To get an idea of how well COSMOtherm performs in comparison to ‘pure’ QSPR models we did some additional QSPR calculations using the T.E.S.T. software package.⁵⁵ Although benchmarking such methods is not the focus of our work, this seemed interesting to us, as QSPR models were, for instance, used to estimate viscosities for the purpose of developing new ionic liquids.⁵⁶ For our QSPR predictions, we relied on the consensus model (the average over all implemented models) implemented in the T.E.S.T. software package. The details of all included approaches can be found in the T.E.S.T. user guide. In these methods, the properties investigated here are predicted using overall 797 molecular descriptors and relying on experimental data sets for several thousand compounds.

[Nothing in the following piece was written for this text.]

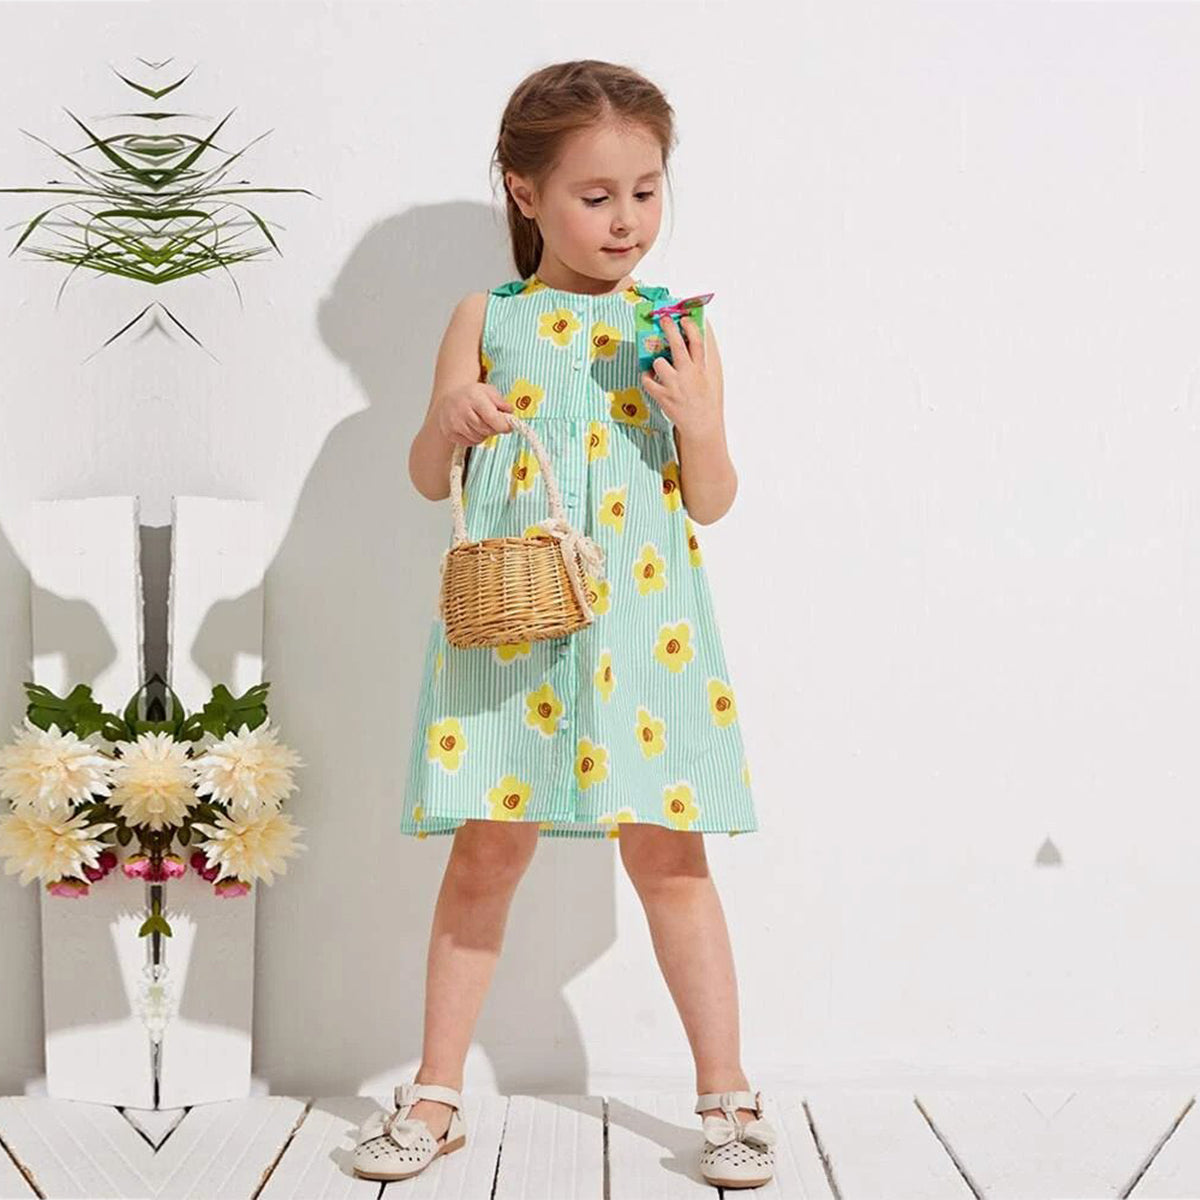 BabyGirl's Unique Designer Heart & Light Green Floral Tunic Dress (Combo Pack Of 2) for Baby Girls.

Table 1 shows the predicted and measured⁸ results obtained for typical electrolyte solvents. Perusing this table, one finds that mean average deviations (MADs, about 0.2 cP and 18/23/23 degrees of viscosities and melting/flash/boiling points) are in the order of about 10 to 15 percent of the relevant property windows (here, 0.33 to 2.53 cP and −137 to 26/−17 to 160/41 to 270 degrees). The correct ranking of compounds can be investigated by looking at correlation coefficients, such as Pearson's R values for linear correlation and Kendall's τ values for non-linear (rank) correlation. Both correlation measures are very high, especially for the COSMOtherm-based estimates (with R values of 0.95 to 0.98 and τ values of 0.73–0.78), which implies that the ranking of compounds with respect to these properties is even better than the prediction of the actual values. This is a very promising result for integrated computational and experimental screening procedures, in which the computational part acts only as a filter for subsequent experimental high-throughput work.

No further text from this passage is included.